Is this a good investment?

This is a big question for cancer research. Since 1971, more than half a trillion dollars have been spent on cancer research with precious little to show for it when you look at the death rate. To make matters worse, if cancer were cured tomorrow the resultant increase in life expectancy would be a paltry 3.3 years.

Meanwhile, problems like world hunger continue. These problems are just as serious as cancer but have solutions at hand. The cost of which would be less than what we have spent on cancer research. The problem of world hunger also has the bonus that a solution would not require years of scientific research to discover, test, and then distribute to the ill.

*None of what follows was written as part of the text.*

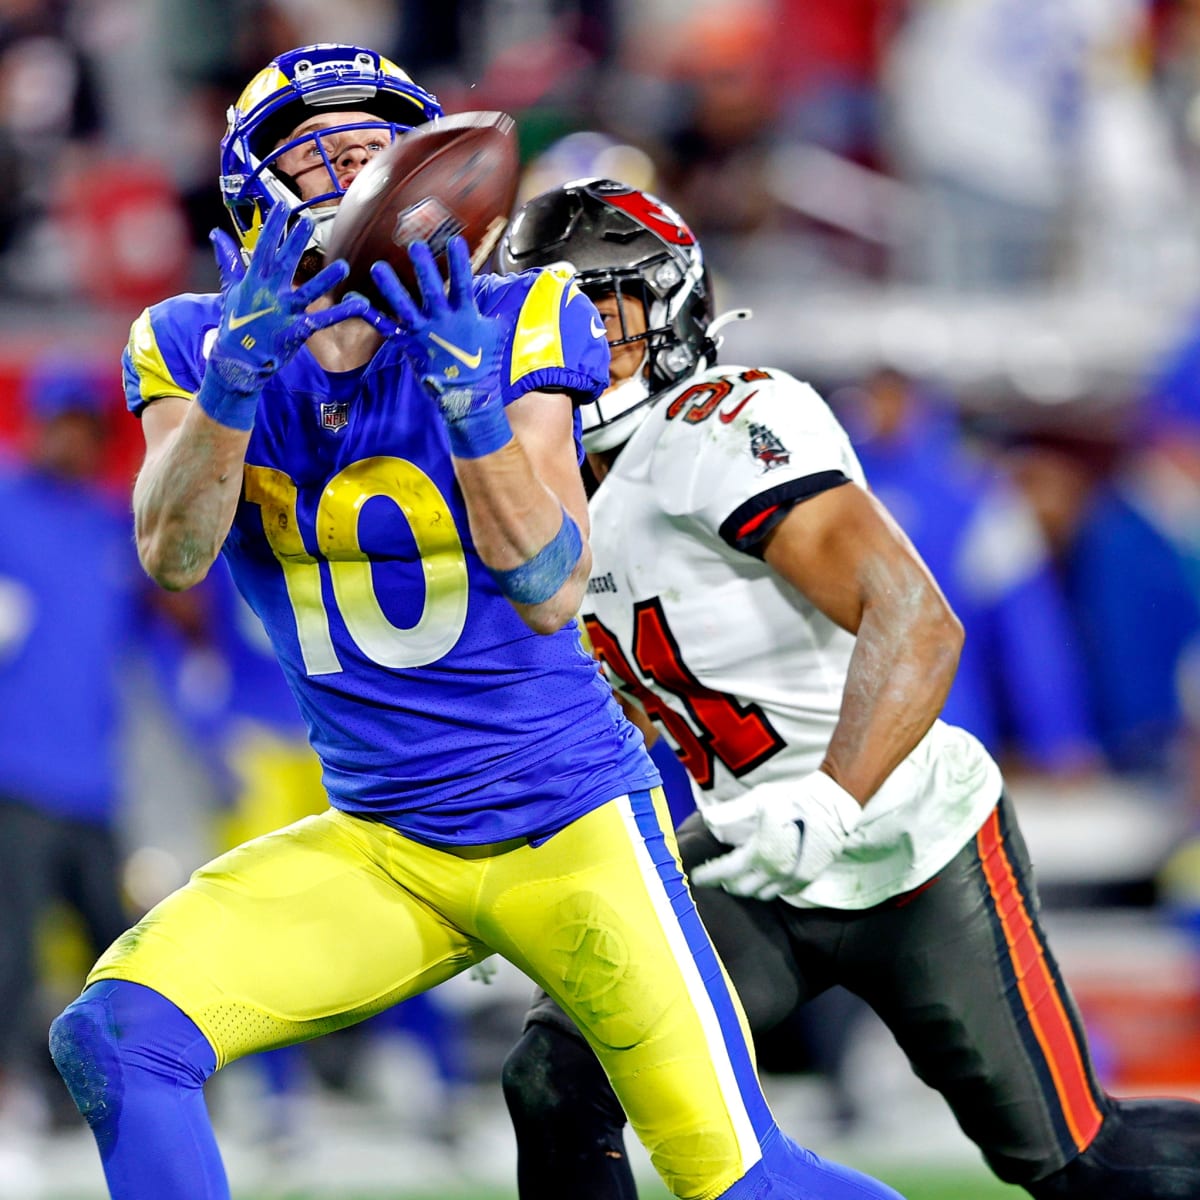 Matthew Stafford's deep ball to Cooper Kupp sends Rams to NFC title game  (video) - Sports Illustrated

Hypothetically, we could rapidly end world hunger by better funding the same systems we use to improve the situation now.

A malnourished Yemeni child, should the money spent failing to cure cancer go to feeding them instead? (ABDO HYDER/AFP/Getty Images) 

The statistics also speak volumes, 8.2 million people die each year of cancer worldwide, while many more will die of hunger or suffer the long-term effects of malnutrition.

Of course, these factors are irrelevant to the 22,000 people a year who could be saved by the cancer detecting AI. The fact that any of us could get cancer is a major element in our decisions to fund research into cures that might end up going nowhere, the chance that we might need that cure later makes the investment look sounder.

The new system that the NHS plans to bring into existence will save thousands of lives, help advance AI technology, and help us understand a terrible disease a little bit better. Improved medical care is a noble goal, but how many lives could have been saved if the money had gone elsewhere? Such grim questions of utilitarian calculus must be asked as we decide where to direct our limited resources.